Accelerated Sequential Execution
Last updated
Last updated
A large number of modern blockchains have attempted to scale their execution using parallelism. This means they execute transactions which are unrelated, on different cores. This can work well when the transactions in a block are unrelated, but breaks down when those transactions modify the same state.
The reality, however, is that load spikes mostly happen when there is some event which has caused the spike. This implies a massive correlation between the transactions, which is not normally there in day to day execution.
For example:
One of Ethereum's biggest load spikes was the Otherside Otherdeed mint. When this happened, the vast majority of all transactions in each block were all modifying the same state (as they were minting Otherdeeds). Parallel execution would not have worked here.
A DEX will contain trading on many unrelated asset pairs throughout each day, but their real load spikes will come from volatility on a specific asset pair. These trades will all modify the same state, meaning parallel execution would not have helped.
In other words, parallel execution breaks down exactly when you need it.
This observation is why Somnia has opted to make a single core go extremely fast instead of relying on parallel execution.
So, how does Somnia make a single core go this fast?
Somnia executes EVM transactions. It scales by reaching a very high single-core speed instead of attempting to parallelise over multiple cores.
The EVM is a relatively simple stack-based architecture. Due to the implicit stack, stack-based bytecodes are often naturally smaller in size than register-based bytecodes, but they contain many redundant operations.
There are broadly two ways to execute a VM's bytecode, interpreted or native (which itself can be split into JIT or AOT compilation). The former effectively simulates the VM itself in software, while the latter translates the bytecode to native instructions, which your CPU then executes directly.
Ethereum and most EVM blockchains run an interpreted VM to execute EVM bytecode. This is often a relatively naive implementation which keeps its own stack, loops through each operation, and looks up the functionality of each operation in a lookup table. This is very slow compared to native execution.
Further, Solidity and other Ethereum compilers often optimise for bytecode size over gas. For example, they will include code to generate large constants instead of including them inline. This ends up including a large amount of runtime computation that can actually be statically resolved at compile time.
To exploit these redundancies, Somnia includes its own EVM compiler, which translates EVM bytecode to x86. This approaches near-native speed (native speed being the equivalent functionality handwritten in C++). In benchmarks, this can execute ERC-20 transfers in hundreds of nanoseconds, achieving millions of TPS on a single core.
However, there is no free lunch as the compilation process is relatively expensive.
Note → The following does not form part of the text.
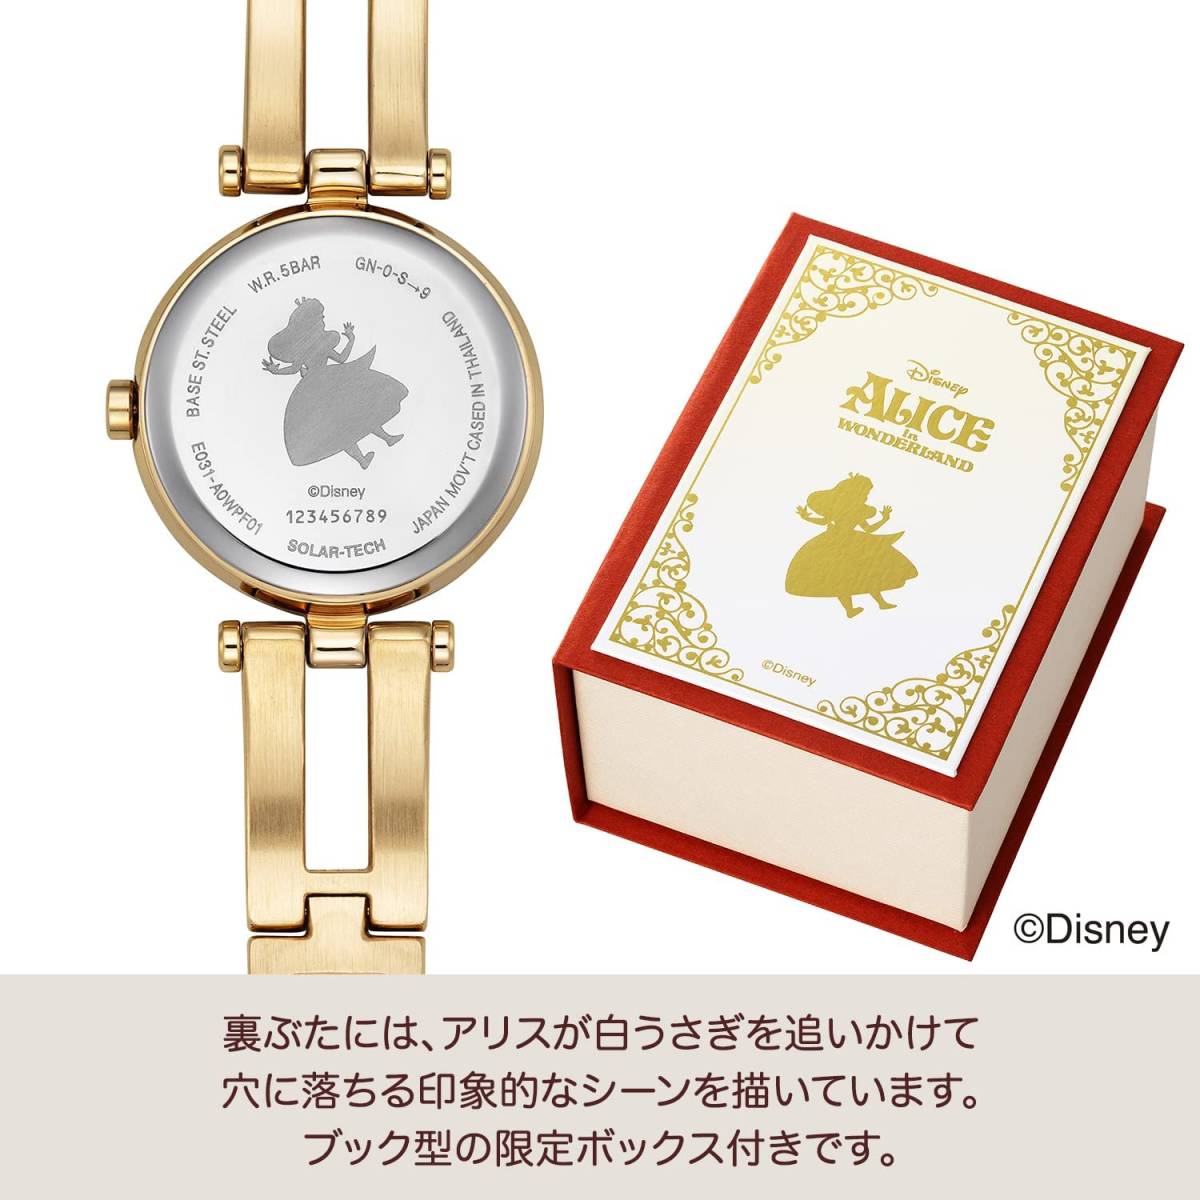  sale! new goods Citizen Wicca wicca limited goods KP5-221-11 Disney collection Disney .... country. Alice solar lady's wristwatch

For this reason, you would only do this on contracts that are called frequently, falling back to standard interpreted EVM on the rest.
As mentioned above, "parallel execution", attempting to run unrelated transactions on different cores, breaks down when you need it the most because it cannot handle correlated transactions, which are much more common during load spikes. This type of parallelism is also known as "software parallelism".
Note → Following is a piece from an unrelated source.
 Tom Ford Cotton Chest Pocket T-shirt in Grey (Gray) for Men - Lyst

For this reason, Somnia does not attempt to parallelise unrelated transactions. It does, however, enable the CPU to hardware parallelise each individual transaction.
This harnesses the single core parallelism available in modern CPUs to speed up every individual transaction, meaning this technique also works for transactions which modify the same state, helping during the load spikes as well.
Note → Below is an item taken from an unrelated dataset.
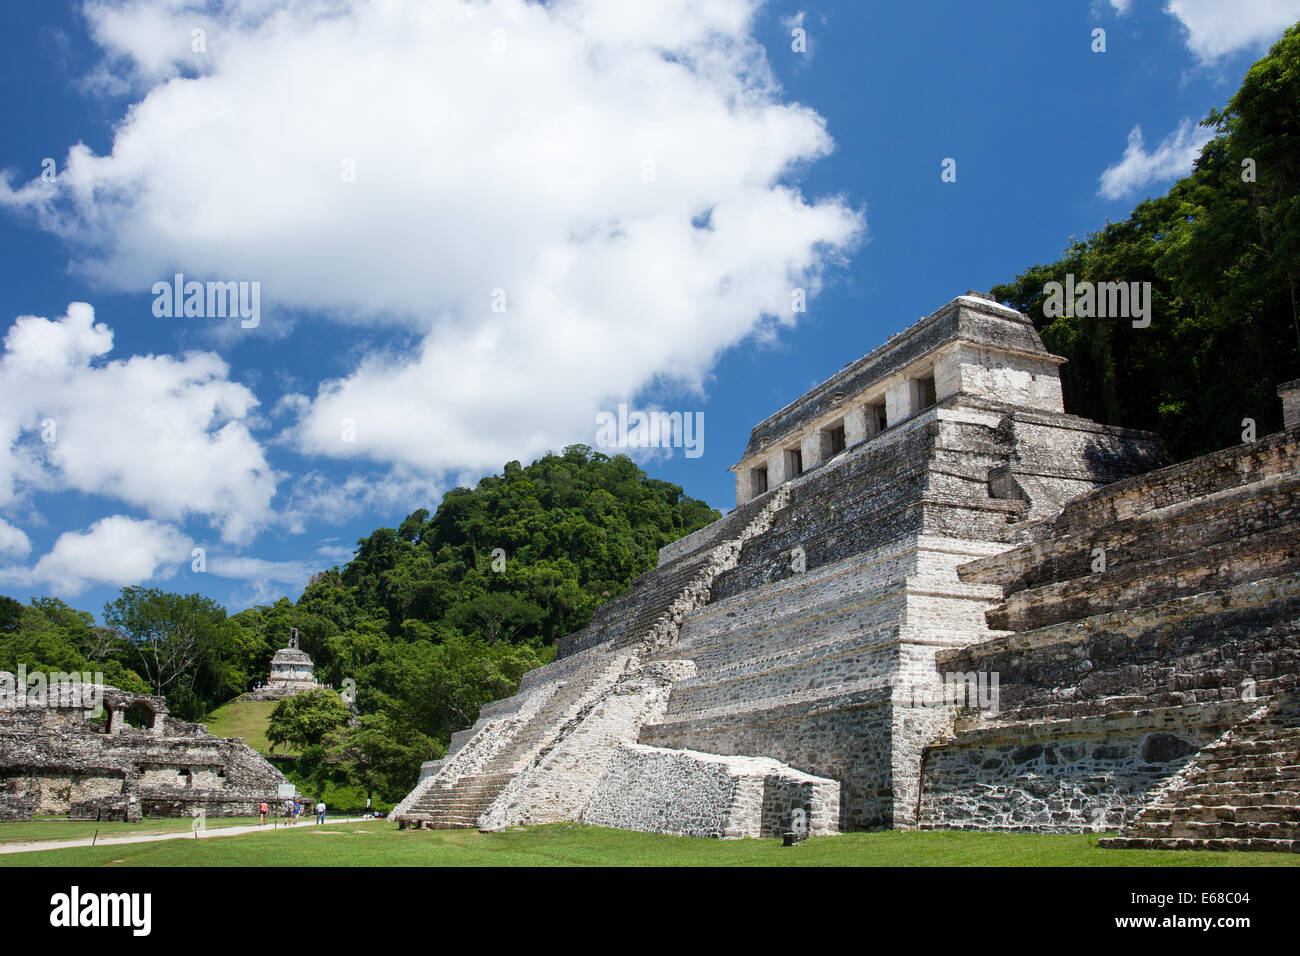 Temple of the Inscriptions with Temple of the Cross in the background at the Mayan ruins of Palenque, Chiapas, Mexico. Stock Photo

So, what is hardware-level parallelism?
Modern CPU cores give the appearance that they execute assembly instructions in order, implementing control flow primitives by jumping around the assembly. The reality is that they are actually executing these instructions completely out of order, and often in parallel with each other.
For example, when reading a value from memory, the CPU will run ahead and work on future computation while waiting for the result. This is all completely invisible to the developer. This can cause massive speedups. Consider the case of an ERC-20 token swap. The program, at a high level, completes the following steps in the first half of it's execution:
1. Hash the sender account.
2. Lookup the sender balance using this hash.
3. Hash the receiver account.
4. Lookup the receiver balance using this hash.
5. ...
Let's say the speed to hash an account is 150ns, and the speed to lookup the sender balance is 100ns (a single RAM read).
If the CPU ran these steps in serial, this would take 150 + 100 + 150 + 100 = 500ns. However, in practice, if these steps are compiled to native code, your CPU hardware would execute 1 and 2 completely in parallel to 3 and 4, causing the execution speed to be 250ns, double the speed.
The problem is, interpreting the EVM stops your CPU core from executing assembly in parallel. To really harness the available silicon in your CPU, you need to execute native assembly. Somnia's compiler and database are built to enable hardware-level parallelism of smart contracts.